The term looking glass self was created by American sociologist Charles
Horton Cooley in 1902,[1] and introduced into his work Human Nature and the
Social Order. It is described as our reflection of how we think we appear to
others. To further explain would be how oneself imagines how others view
him/her.[2] An example would be one's mother would view their child as
flawless, while another person would think differently. Cooley takes into
account three steps when using "the looking glass self". Step one is how one
imagines one looks to other people. Step two is how one imagines the judgment
of others based on how one thinks they view them. Step three is how one thinks
of how the person views them based on their previous judgments.[3]
According to Lisa McIntyre’s The Practical Skeptic: Core Concepts in
Sociology, the concept of the looking-glass self expresses the tendency for one
to understand oneself through the perception which others may hold of them.
[4]
Essentially, how one views oneself and acts heavily depends on what the
individual believes other people think of the individual. This process is
theorized to develop one's sense of identity. Therefore identity, or self, is the
result of learning to see ourselves through what we perceive to be the
perceptions of others.[5]
The looking-glass self comprises three main components that are unique to
humans (Shaffer 2005).[6]

1. We imagine how we must appear to others in a social situation.

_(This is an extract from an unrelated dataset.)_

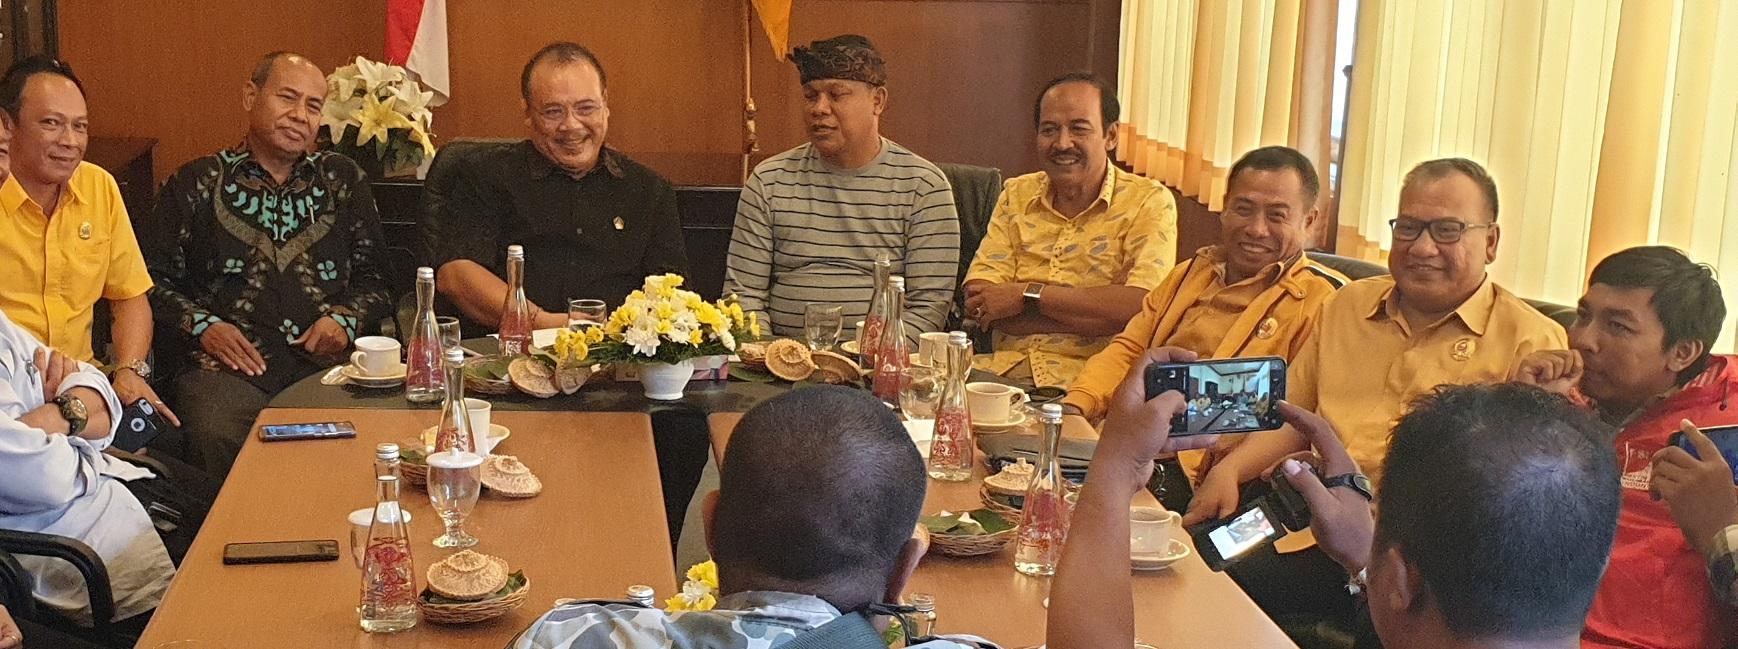 NYOMAN Sugawa Korry (tengah) bersama para pemimpin partai yang perolehan suaranya minor di parlemen daerah di Bali, saat berbincang di DPD Partai Golkar Bali membahas rencana koalisi bersama menantang PDIP dalam Pilkada Serentak 2020. Meski belum ada kesepakatan resmi, kemungkinan koalisi gemuk ini akan terwujud dalam waktu dekat. Foto: gus hendra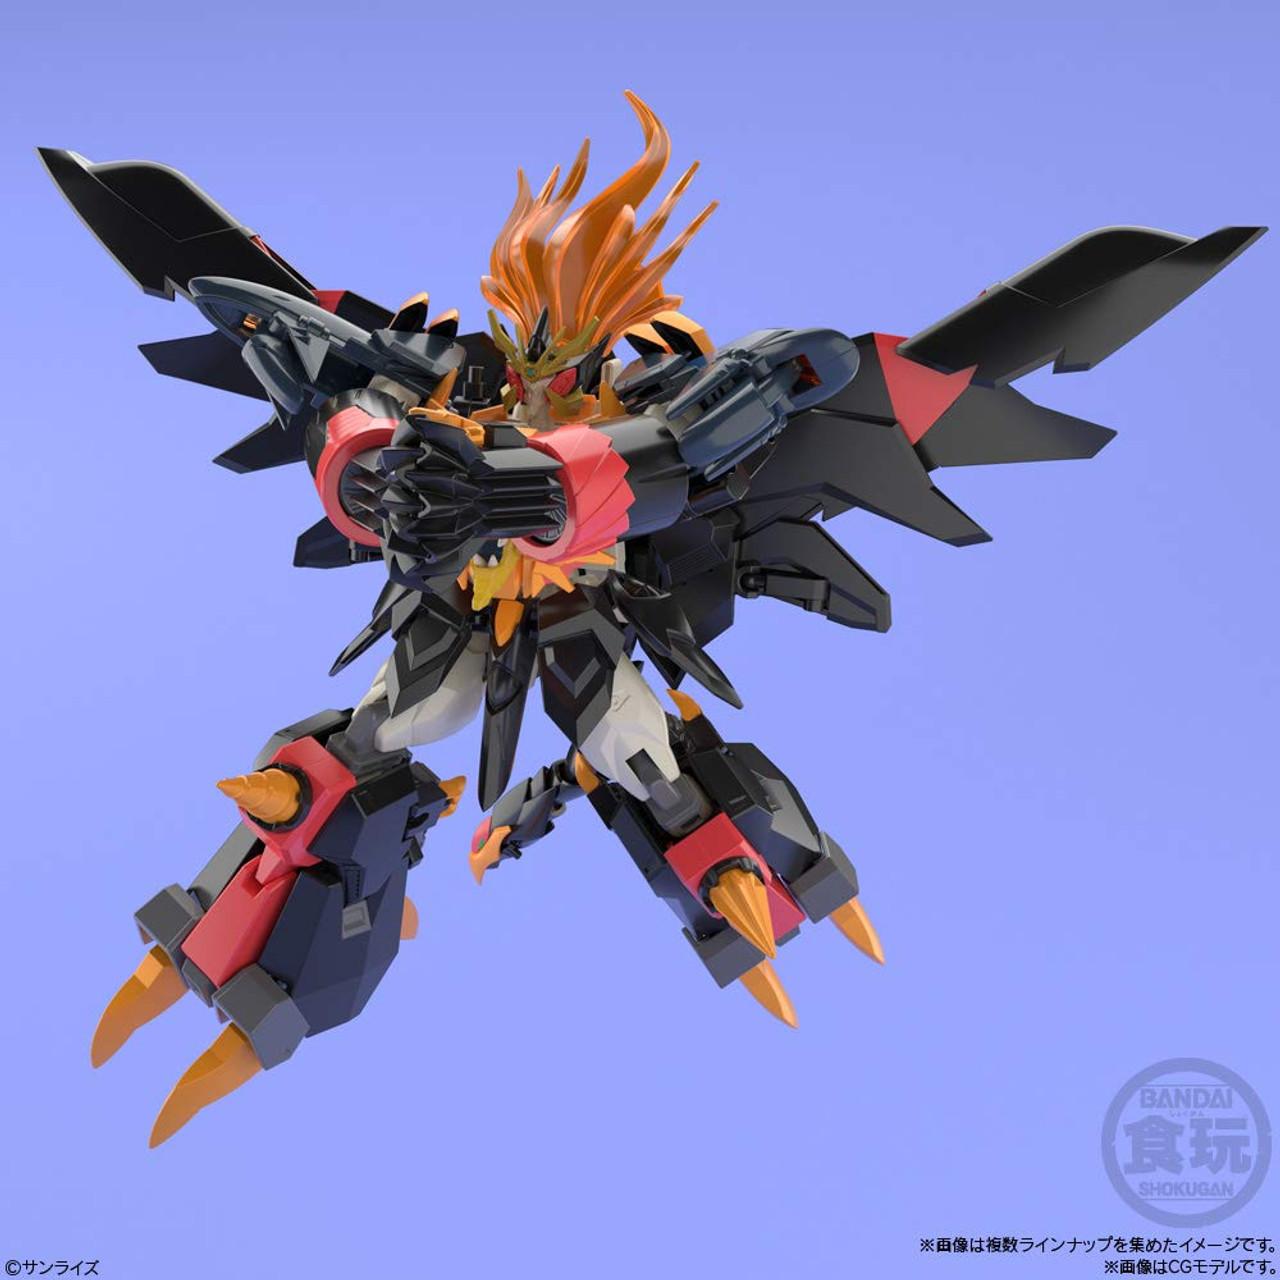 Bandai Super Minipla King of Braves Gaogaigar 4 pcs Full Set Candy Toys

2. We imagine and react to what we feel their judgment of that appearance
must be.
3. We develop our sense of self and respond through this perceived
judgments of others.
The result is that individuals will change their behavior based on what they feel
other people think about them, even if not necessarily true. In this way, social
interaction acts as a "mirror" or a "looking-glass," since one's sense of self and
self esteem is built off of others. For example, an individual may walk into an
job interview with confidence and attempt to display this confidence. A person
in this situation most often examines the reactions of the interviewers to see if
they are positively or negatively reacting to it. If the individual notices positive
reactions, such as nodding heads or smiles, this might further develop the
individual's sense of self-confidence. If the individual notices negative
reactions, such as a lack of interest, this confidence in self often becomes
shaken and reformed in order to better oneself, even if the perceived judgments
were not necessarily true.

A separate individual is an abstraction unknown to experience, and so likewise


is society when regarded as something apart from individuals. The real human
life, which may be considered either in an individual aspect or in a social aspect,
is always both individual and general. In other words, society and individuals do
not denote separable phenomena, but are simply collective and distributive
aspects of the same thing.

A self-idea of this sort seems to have three principle elements:


1) The imagination of our appearance to the other person
2) The imagination of his judgment of that appearance
3) Some sort of self-feeling such as pride or mortification.